Operator A’s standard method significantly underestimated bladder volume with a median estimate of 309.7 mL (95% CI: 257.3–352.0), yielding a mean difference of −191.6 mL (SD = 88.3) and a relative error of −36.7%. In contrast, the 3D method produced higher accuracy, with a median estimate of 436.0 mL (95% CI: 394.5–524.0), corresponding to a smaller mean difference of −64.9 mL (SD = 83.7) and −11.2% error.
Operator B demonstrated similar trends. The standard method yielded a median estimate of 349.8 mL (95% CI: 306.8–403.4), with a mean difference of −137.4 mL (SD = 69.4) and −27.6% error. The 3D method had a median estimate of 430.0 mL (95% CI: 381.0–520.5), a mean difference of −72.3 mL (SD = 90.6), and −12.0% error.
Bland–Altman analysis revealed distinct agreement patterns between methods (
Table 2;
Figure 2). The standard method demonstrated tighter limits of agreement but with substantial negative bias; whilst the 3D method exhibited wider limits of agreement but smaller systematic bias.
3.2. Operators’ Reproducibility
After confirming normal distribution of the differences between repeated measurements, reproducibility was assessed using intraclass correlation coefficients (ICCs) and Bland–Altman analysis (
Table 3;
Figure S1). Intra-operator reproducibility was excellent for both operators across both methods, with ICC values exceeding 0.96. Operator A showed near-identical reproducibility for the standard (ICC = 0.977) and 3D (ICC = 0.976) techniques, while Operator B showed slightly higher reproducibility with the 3D method (ICC = 0.983) compared to the standard method (ICC = 0.962).
Bland–Altman analyses revealed minimal mean differences between repeated scans for both operators. The 3D method showed a near-zero bias for Operator A (−0.3 mL) and a small positive bias for Operator B (5.8 mL), indicating minimal systematic error. Limits of agreement were narrower for the 3D method than for the standard method, suggesting greater consistency.
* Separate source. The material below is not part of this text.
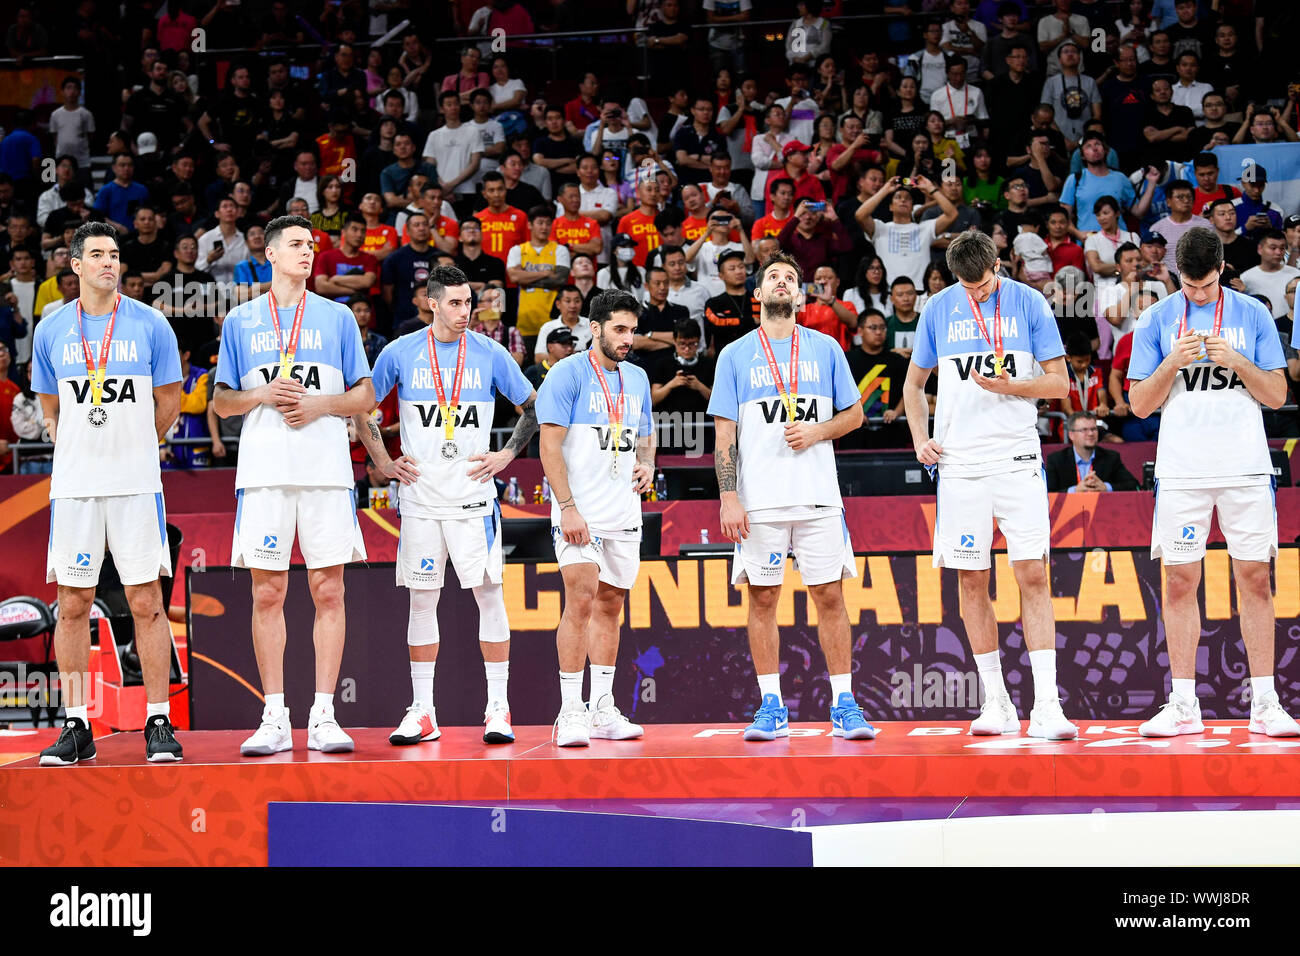 Spieler aus Argentinien gewann den zweiten Platz der 2019 FIBA Basketball-WM in Peking, China, 15. September 2019. Spanien besiegt Argentinien 2019 FIBA Basketball WM-Finale 95-75. Stockfoto

Inter-operator agreement was also strong, with higher ICC for the 3D method (0.977) compared to the standard method (0.927). While the standard method showed a notable negative bias (−54.2 mL) between operators, the 3D method demonstrated a much smaller and more symmetric mean difference (7.3 mL), reinforcing its potential for more reliable cross-operator use.
3.3. Methods Agreement
The agreement between the standard and 3D ultrasound methods was assessed within and across operators using intraclass correlation coefficients (ICCs) and Bland–Altman analysis (
Table 4;
Figure S2). Within-operator agreement was good, with ICC values of 0.798 for Operator A and 0.890 for Operator B. Despite this, Bland–Altman plots showed considerable mean differences between the two methods, particularly for Operator A, who exhibited a bias of −126.7 mL (95% CI: −152.5 to −100.9) with wide limits of agreement (−310.3 to 56.9 mL). Operator B demonstrated a smaller bias of −65.2 mL (95% CI: −93.0 to −37.4), but agreement limits remained relatively broad (−262.8 to 132.5 mL).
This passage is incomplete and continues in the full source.